Zayıf bir ihtimaldi gözlerimi kapadığım
Gecenin koynuna saklanan düşüncelerde
Beynimde urlaşmış uykusuzluk sendromu
İzbe vakitlerde ve en derinde.
Kitaplar da çare olmuyor bazen
Gözkapaklarımı kapatamadığım sahnelerde
Uzun uzadıya geçmeyen vakitler
Hayat dediğin zaten karışık felsefe
Eksik şiir gibi yapışmış benliğimize.
Gulyabani korkuları yokluyor arada karanlıklar
Ayrı bir köşede gece böcekleri senfonisi
Odamda bir gölge süzülüyor koynuma
Evimin tavanına mıhlıyor şimşek
Her biri geldiği gibi kayboluyor gece yakamozlarının.
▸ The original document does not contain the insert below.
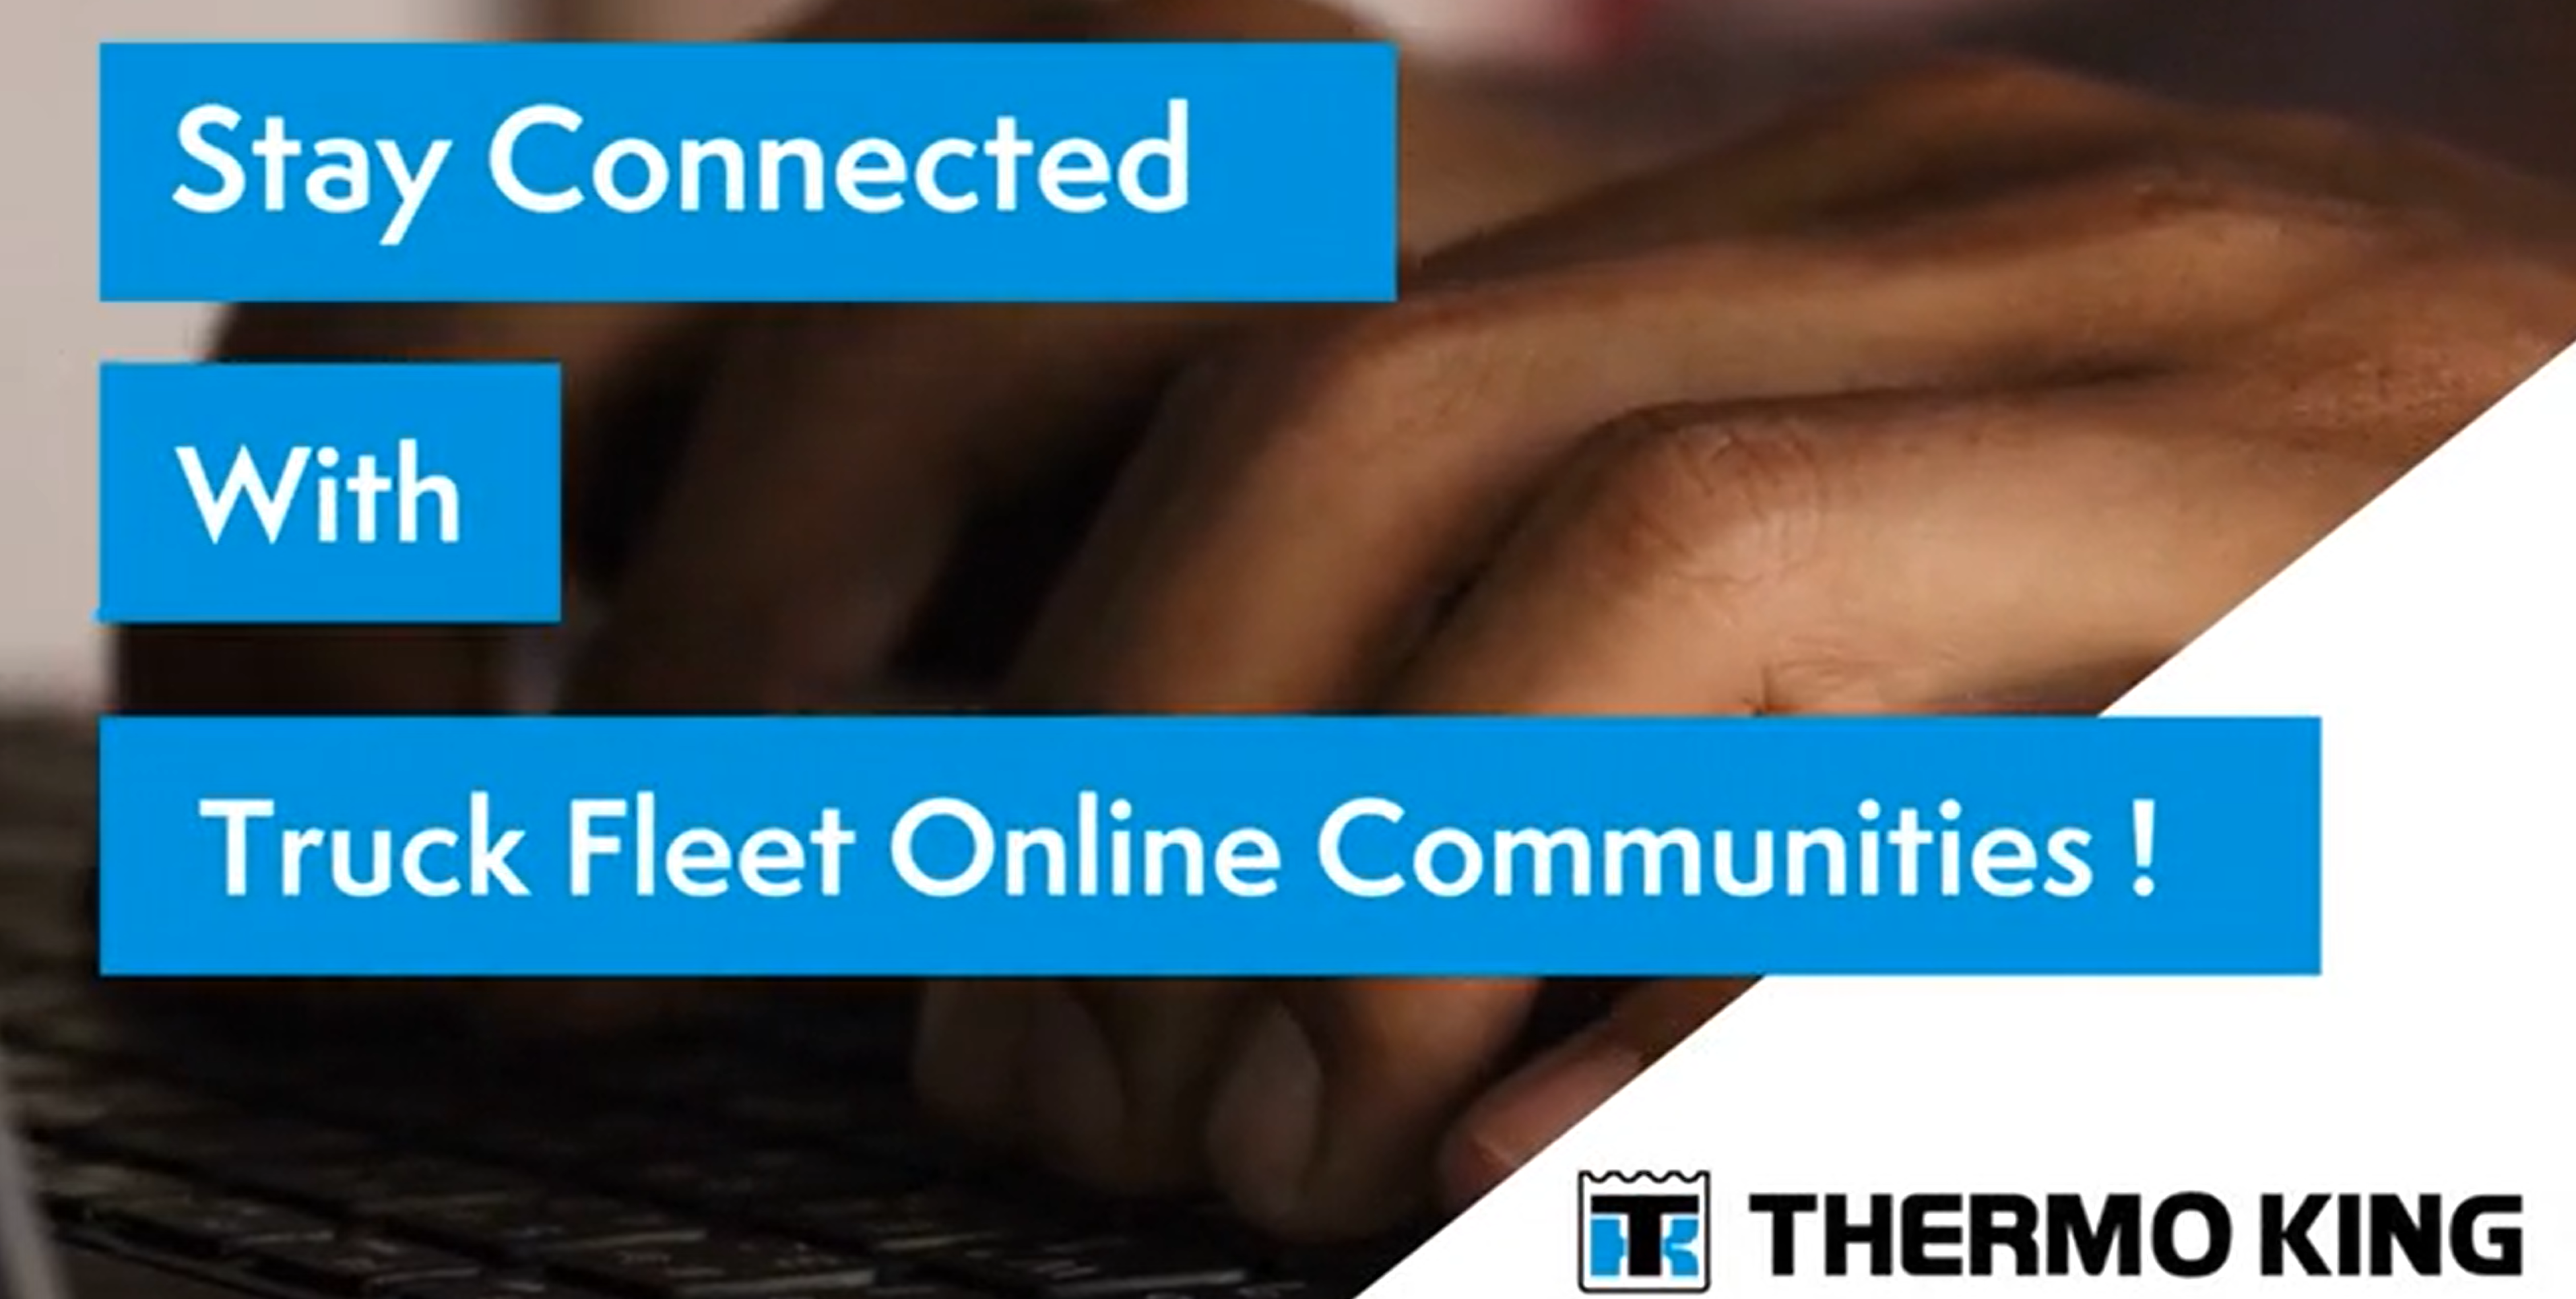 Stay connected with truck fleet online communities for transitioning to electric fleets

Acı fren sesiyle keskinleşiyor kulaklarım
Silkiniyorum dört yanımı sarmış bitkin hallerime
Bakışlarım kısa mesafelerde boğuluyor
O bildik eski şarkılar mırıldanıp
Uykusuz hallerime tuzaklar kuruyorum.
Alt kattan gıcırdıyor eski bahçe kapısı
Acaba diye aklımı kuşkuluyorum
Ellerimde soğuk soğuk terlerle
Kaderimi bekliyorum
Yıldızlar da solgun gökyüzünde
Ne Samanyolu ne de ay
Şehrimi istila etmiş karanlık
Hayat dediğin de zaten hepsi bir anlık.
Felsefe yapıyor bulanık aklım
Hesaplar karışık vadesi farklı
Şafak kızıla vurduğu demde
Gecenin ilmiğini çekeceğim az kaldı
Uykusuzluk sendromundan elde bu şiir kaldı.